PARIS: Ex-French budget minister Jerome Cahuzac, who is facing up to seven years jail term and two million euros ($2.2 million) in fines if found guilty, Monday went on trial for tax fraud
The minister resigned in disgrace in 2013 after admitting to having a secret Swiss bank account. The 63-year-old faces up to seven years in jail and two million euros ($2.2 million) in fines if found guilty of stashing offshore his earnings from a lucrative hair-transplant business he ran with his now ex-wife.
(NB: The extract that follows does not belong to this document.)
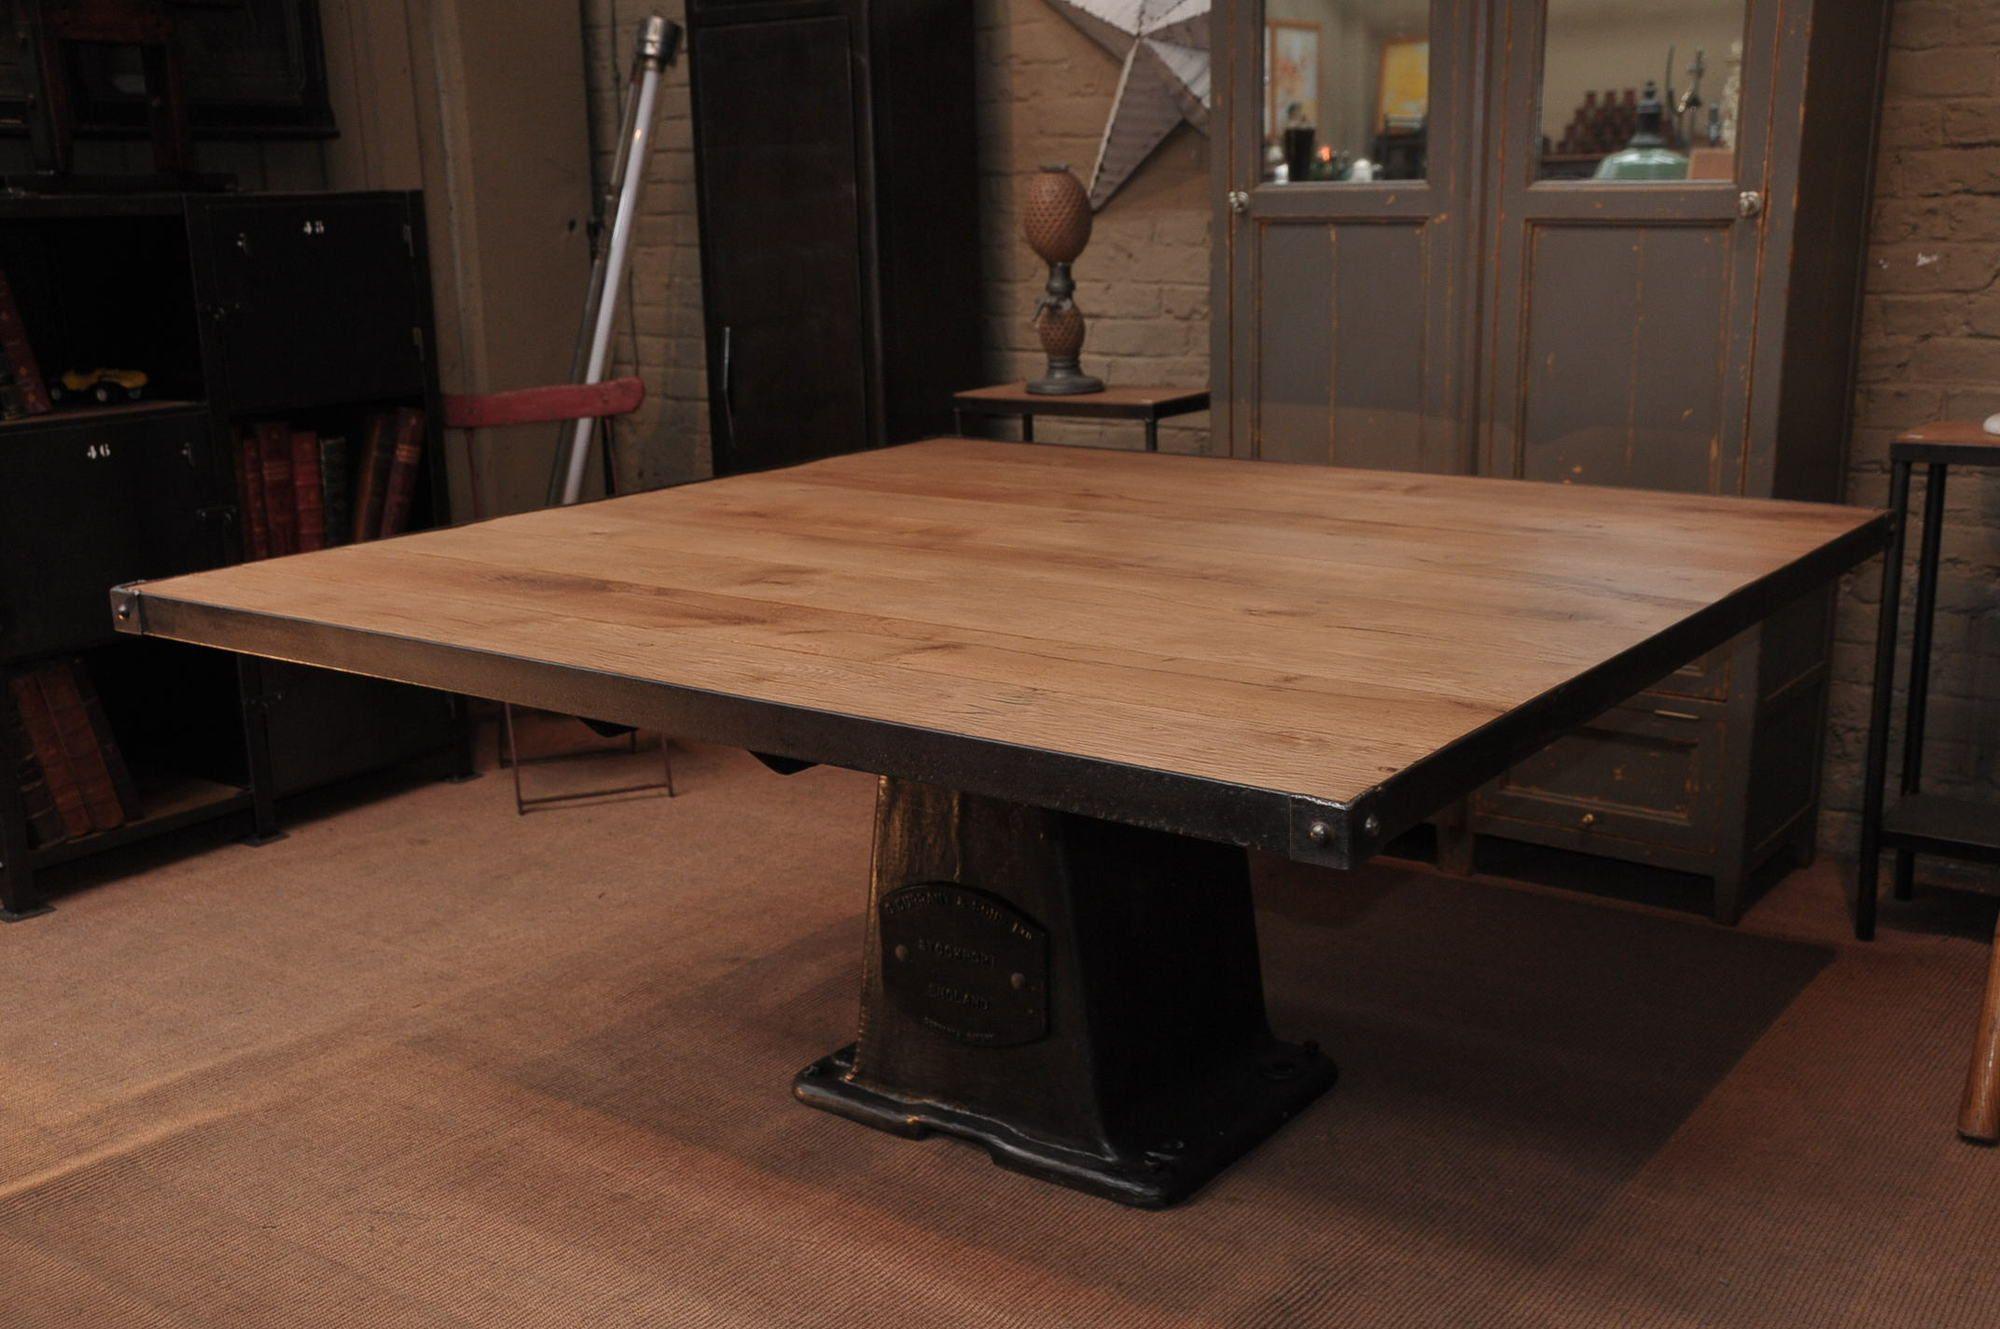 Table Industrielle Carree Fonte Et Chene Le Grenier Tables A Manger Carrees Table Salle A Manger Decoration Salle A Manger

The Cahuzac scandal was the first of a series that have tarnished the presidency of Francois Hollande, who had promised a squeaky clean government after succeeding Nicholas Sarkozy, the subject of several graft investigations, in May 2012.
A media scrum is expected to descend on the court for the start of the trial, even if an opening defence gambit may prompt a delay of several months.
The spectacular scandal saw Hollande initially backing Cahuzac’s vehement denials after the Mediapart news website first broke the story in December 2012, posting a compromising audio recording.
Cahuzac, whose remit had included cracking down on tax fraud, promptly lodged a defamation suit against Mediapart. But the trained surgeon, still protesting his innocence, resigned his post after a formal investigation was launched in March 2013. Two weeks later, he dramatically confessed to having held the account with Swiss banking giant UBS and said he was “consumed by remorse”.